The mundane sounding consultation “Modernising and Simplifying the Common Agricultural Policy (CAP)” launched on February 2nd, is the starting shot for years of fierce negotiations in Brussels, Strasbourg and national capitals. As regards the CAP, as well as other parts of the post-2020 EU budget, a lot is at stake for health. With Brexit taking one of the major players out of the game and mixing up the usual rules, there is everything to play for.
The CAP consultation is a key opportunity to put on the table, once again, all the profound implications agriculture and our food supply pose for public health. Agricultural policy is not just a concern for farmers, industries and commodity markets. The implications of policy choices affect society as a whole, and should be reflected in how public money is spent.

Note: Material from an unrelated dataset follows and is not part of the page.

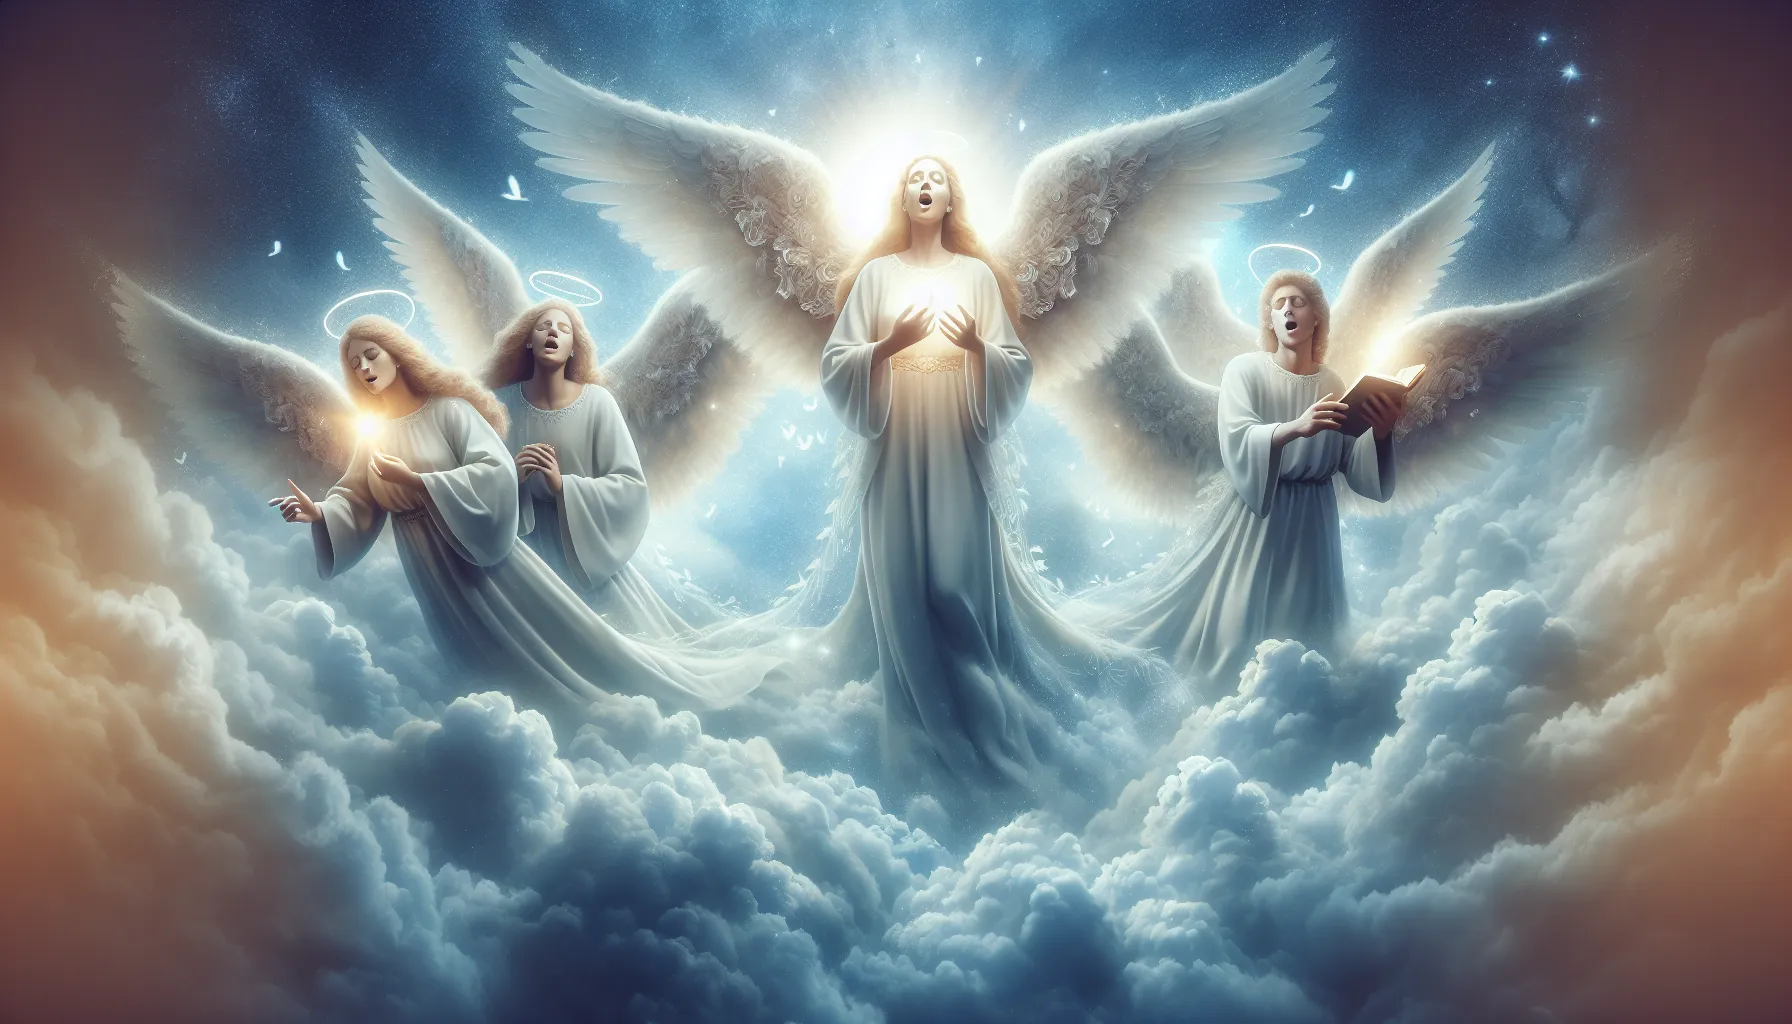 Imagen de Ángeles rodeados de luz celestial y cantando en el cielo mientras transmiten paz y armonía.

To win public acceptance, health must become a goal of Europe’s future food and farms policy. As some CAP-veterans have noted, the scope of the consultation launched this year is far less ambitious than the one produced during the previous reform cycle (which did by the way not yield the required transformations). In the upcoming negotiations though, there is a real possibility that the budgetary imperatives linked to Brexit, migration and climate change may overtake these low ambitions.
Lots of long overdue questions have not been asked in the consultation: How long can taxpayers keep footing the bill for the health and environmental costs of livestock overproduction? How can agricultural policy create the economic preconditions to effectively fight drug resistance (AMR)? How can rural residents, farmers, farm workers and consumers be better protected from exposure to chemical risks? Why should large-scale vineyards still receive productivity support? Can we finally exclude tobacco cultivation from receiving subsidies? How can agricultural policy better facilitate supply-demand interactions for sustainable, nutritionally healthy diets? How to ensure farmers can receive adequate incomes for being true guardians of food quality, rural cultures, landscapes and wider public goods?
These questions are more than relevant for those fighting diseases, providing healthcare services and seeking to prevent the collapse of health systems.
The CAP is widely perceived as the worst of EU pork-barrel politics. With the stakes for the future of the EU at an all-time high, the future direction of food policy is a major test of Europe’s ability to deliver public goods for public money.